Yunanistan’ın Maldivleri olarak da bilinen bu üç bacağın ismi şöyle…
- Kassandra (Kasandra)
- Sithonia (Sithonya)
- Athos
Halkidiki’de bulunan en büyük kentler sırasıyla Nea Moudania, Nea Kallikrateia ve Poligiros’dur.
Yarımadanın üç parmağının kıyılarında Yerakini, Neos Marmaras, Ouranoupolis ve Nikiti gibi tatil beldeleri bulunmaktadır.
Halkidiki’de üç tane bacak var hangisine gideceğiz derseniz, bunu şu şekilde cevaplayabilirim. Gencim, dinamiğim, eğlenmeyi severim derseniz birinci ayak tam size göre…
Yok, ben sevgilimle, eşimle ya da ailemle gideceğim denize girip kafa dinleyeceğim bu açıdan ilk ayak bana bir numara büyük gelir diyorsanız da, 2. ayak size göre… 3. ayak ise en sessiz, sakin olan ve manastırın bulunduğu bölge…
Ben ilk olarak Halkidiki’ye Ağustos 2014 yılında gelmeye niyetlenmiştim. Ancak yer bulamadığım için gidememiştim. Sebebi ise şu… 15 Ağustos’ta Ortodokslar tarafından büyük bir dini bayram kutlanıyor. Dini bayram sebebiyle tatil olunca, özellikle yakında oturan Selanikliler buraya akın ediyor. O yaz burada yer bulamayınca, ben de rotayı Midilli’ye çevirmiştim.
Bu yıl daha erken davranıp, bu tarihin öncesinde ve sonrasında planlar yaptım. 2015 yazında, üç yıldır olduğu gibi deniz sezonunu Yunanistan’da hatta Halkidiki’de açtım.
Haziran’da, Halkidiki’de deniz sezonunu açmak için buradaydım.
Ağustos’ta 2. kez Halkidiki ve deniz için Yunanistan’da idim.
Halkidiki Kısa Tarihsel Bilgi
Büyük filozof ve Büyük İskender’in öğretmeni olan Aristo, M.Ö. 384 yılında, Stagira’da doğdu.
Halkidiki adını, 7. ve 8. yüzyıllarda almıştır. Kassandra Bölgesi, Makedonya kralının adıyla anılmaktadır. 9. yüzyılda ilk manastır toplulukları Athos’ta kurulmuştur.
-
Ayak Kasandra
Burası yarım adanın eğlence misyonunu üstlenen kısımdır. Burada, birçok otel ve tatil köyü bulunmaktadır.

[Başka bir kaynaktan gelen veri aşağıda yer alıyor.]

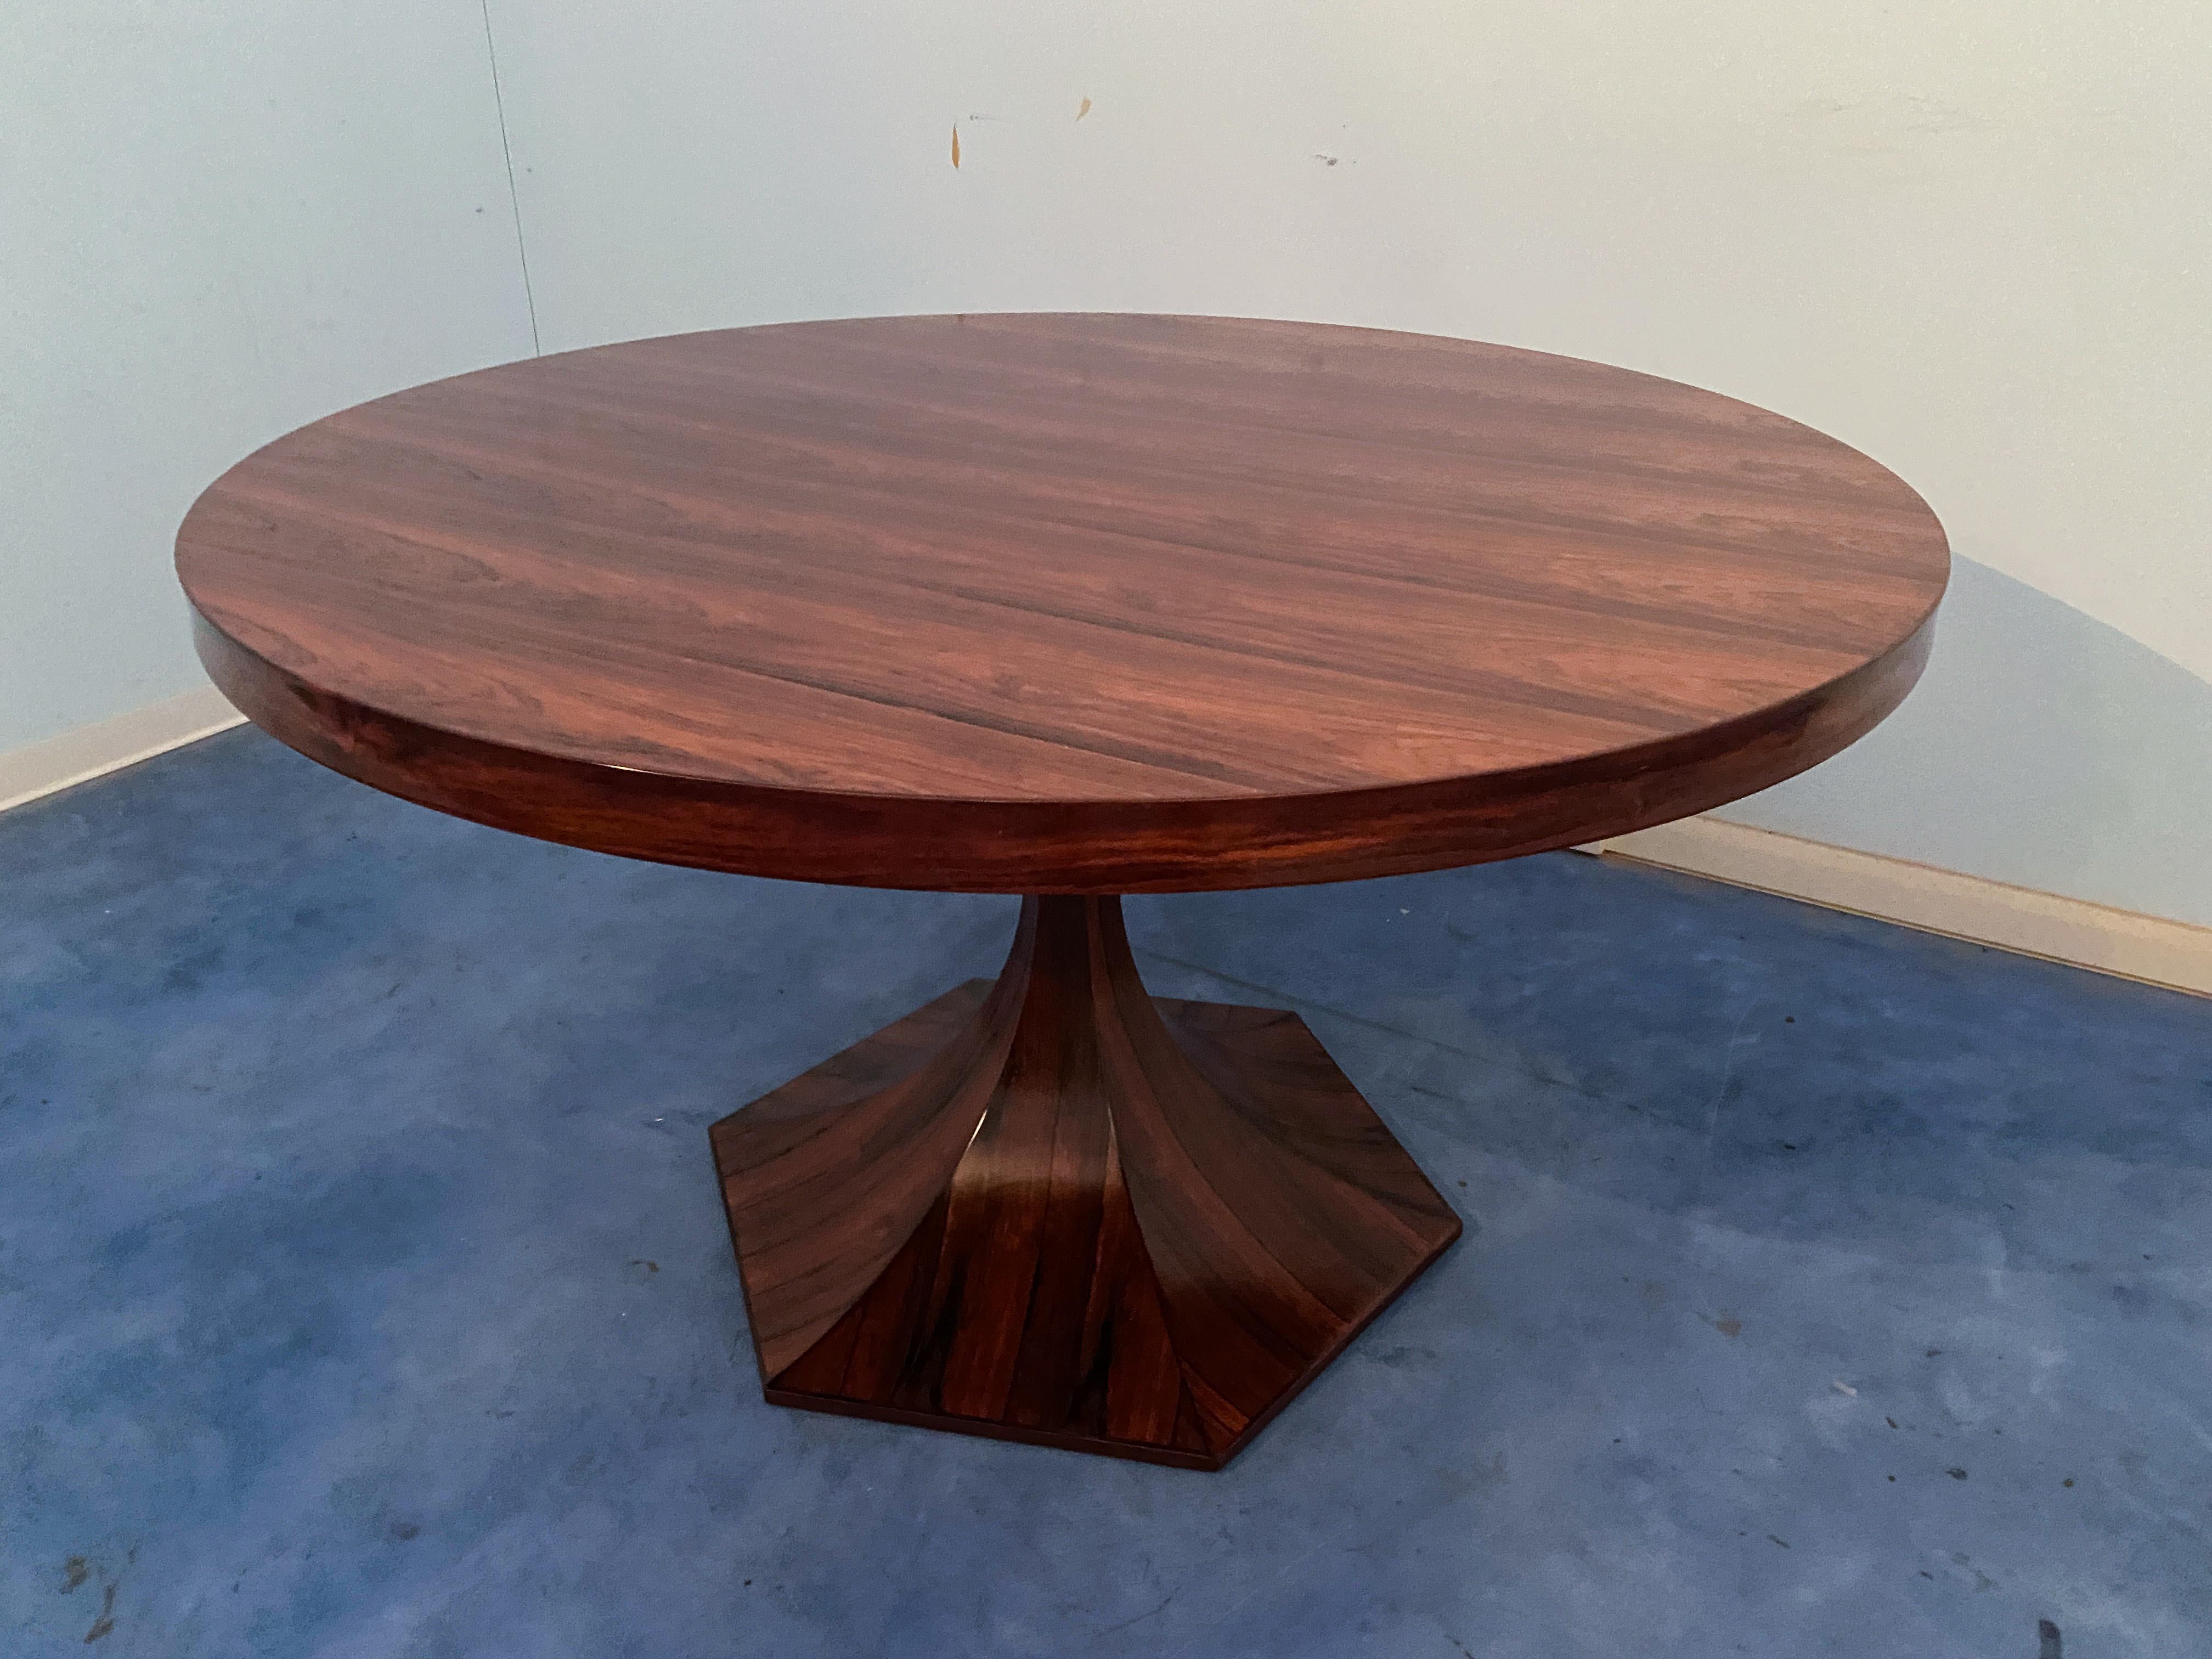 Italian Midcentury Circular Dining Table in Mahogany by Giulio Moscatelli, 1964 For Sale 3

Kallithea, Halkidiki’nin en kalabalık beldesidir. İlk ‘ayak’ olan Kassandra’da yer almaktadır. Kallithea (iyi manzara) adı da köyde bulunduğu güzel konumunun yanı sıra, berrak denizi ve çam ormanlarıyla çevrili güzel manzarasından almaktadır.
Anayolun aşağısından, tepenin Kallithea sahili yönündeki sonuna doğru sabaha dek süren partilerin düzenlendiği Kallithea’nın beach barlar bulunur.

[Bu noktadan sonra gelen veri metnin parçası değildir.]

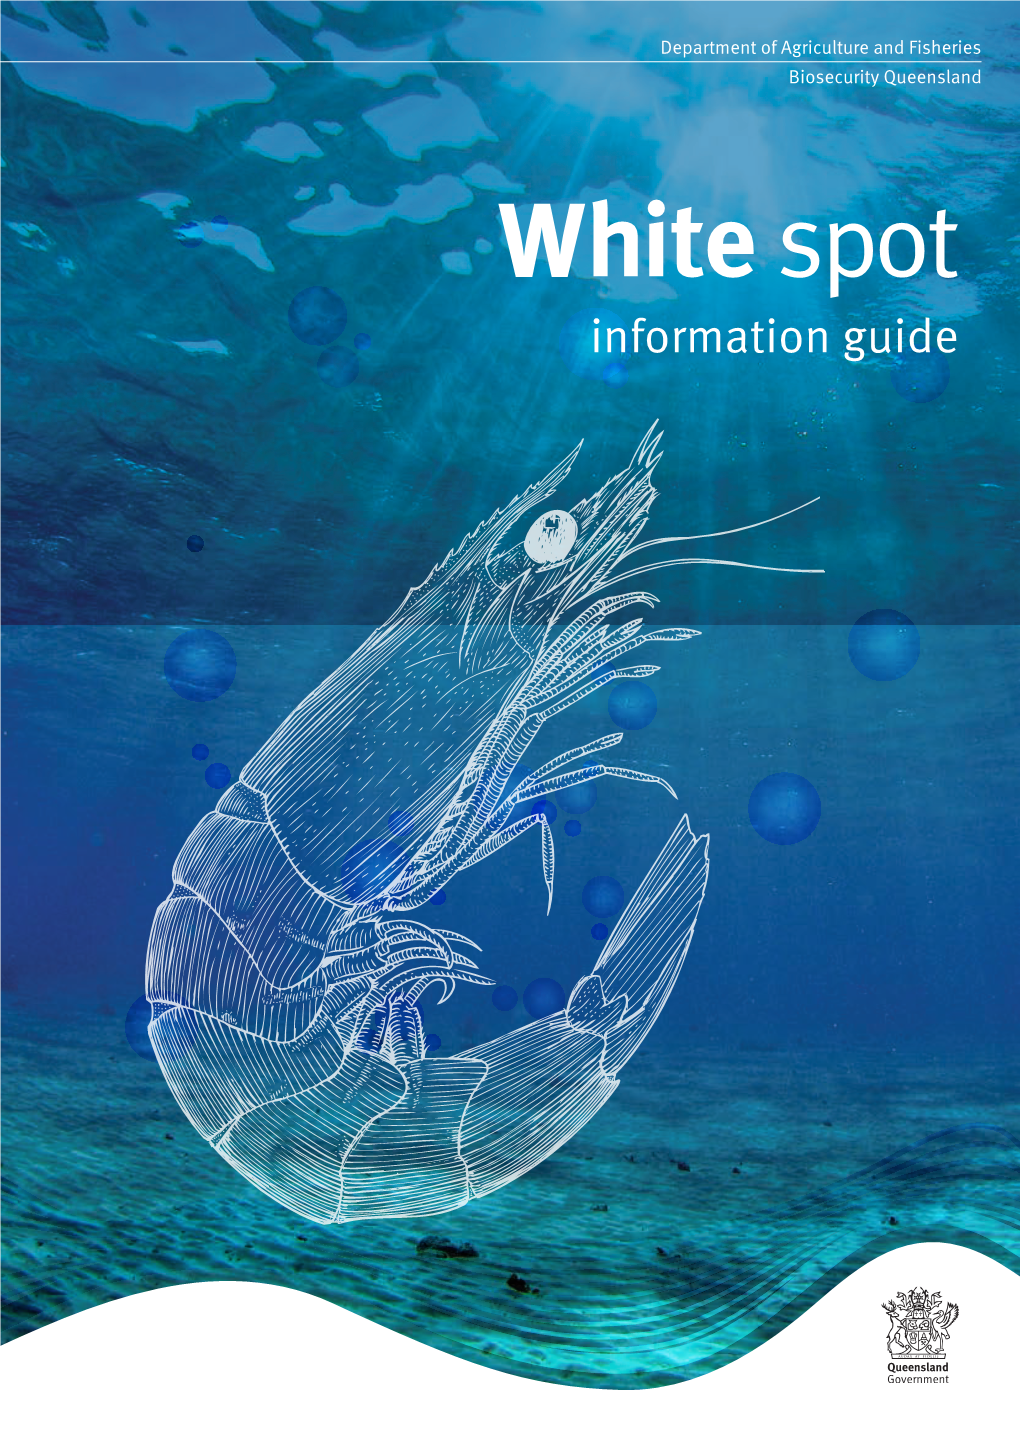 White Spot Information Guide This Publication Has Been Compiled by Biosecurity Queensland, for the Department of Agriculture and Fisheries

Kallithea’nın 1,5 km dışındaki Pefkohori yolunda, Halkidiki’nin en ünlü eğlence mekânları bulunmaktadır. Sabaha kadar dans etmesini ve eğlenmeyi seviyorsanız, en ideal bölge sizin için burasıdır.
Kassandra’daki tüm köylerden, yörenin meşhur kekik balını alabilirsiniz. Balıkçı köyleri olan Vourvourou ve Nea Skioni’nin ise restoranları oldukça popüler.

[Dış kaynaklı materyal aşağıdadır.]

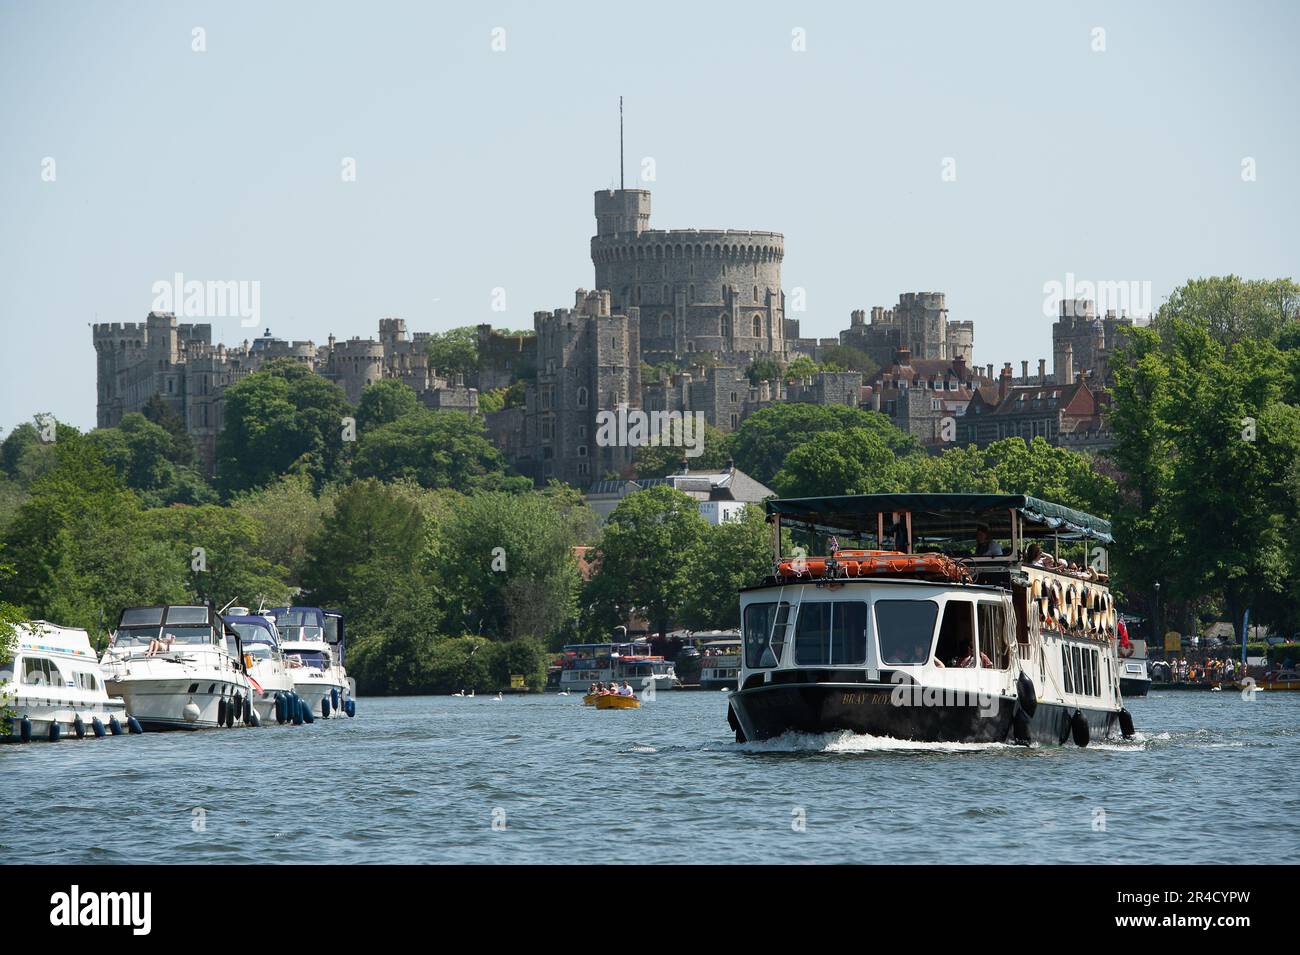 Windsor, Berkshire, UK. 27th May, 23. It was a beautiful warm and sunny day in Windsor Berkshire today as people flocked to the town for boat trips on the River Thames with the backdrop of the famous Windsor Castle. Credit: Maureen McLean/Alamy Live News Stock Photo

Son olarak: Siz de benim gibi Yunan müziğini seviyorsanız 15-23 Ağustos tarihleri arasında yapılan Panagia (Meryem Ana) Müzik Festivali’ni kaçırmayın derim.
-
Ayak Sithonia
İlk gün
22 Ağustos 2015’de Sithonia bölgesinde kalacağımız Porto Koufo’ya varıyoruz. Hava çok sıcak, yorgun ve açız. Uzun bir yolculuktan sonra eşyalarımızı bırakıp, yemek yemeye gidiyoruz. Porto Koufo Liman’da yan yana duran tavernalardan Taverna Tzitzikas (Cicikas)’a giriyoruz. Bir okyanus balığı olan Orfoz yiyoruz. Balık, kızartma tabağı, karides içeceklerle beraber üç kişi 70 Euro ödüyoruz.
Yemekten sonra sahili ve denizi keşfe çıkıyoruz. Porto Koufo’nun denizi sığ, sıcak ve temiz. Ancak gördüğüm kadarıyla Porto Koufo Otel’in dışında şemsiye ve şezlong yok. Kumların üzerinde takılabilirsiniz. 🙂 Kimse gelip para da istemiyor, hal böyle olunca… Denizden sonra duş faslını hallettikten sonra hazırlanıp akşam yemeğimizi yemeye gidiyoruz.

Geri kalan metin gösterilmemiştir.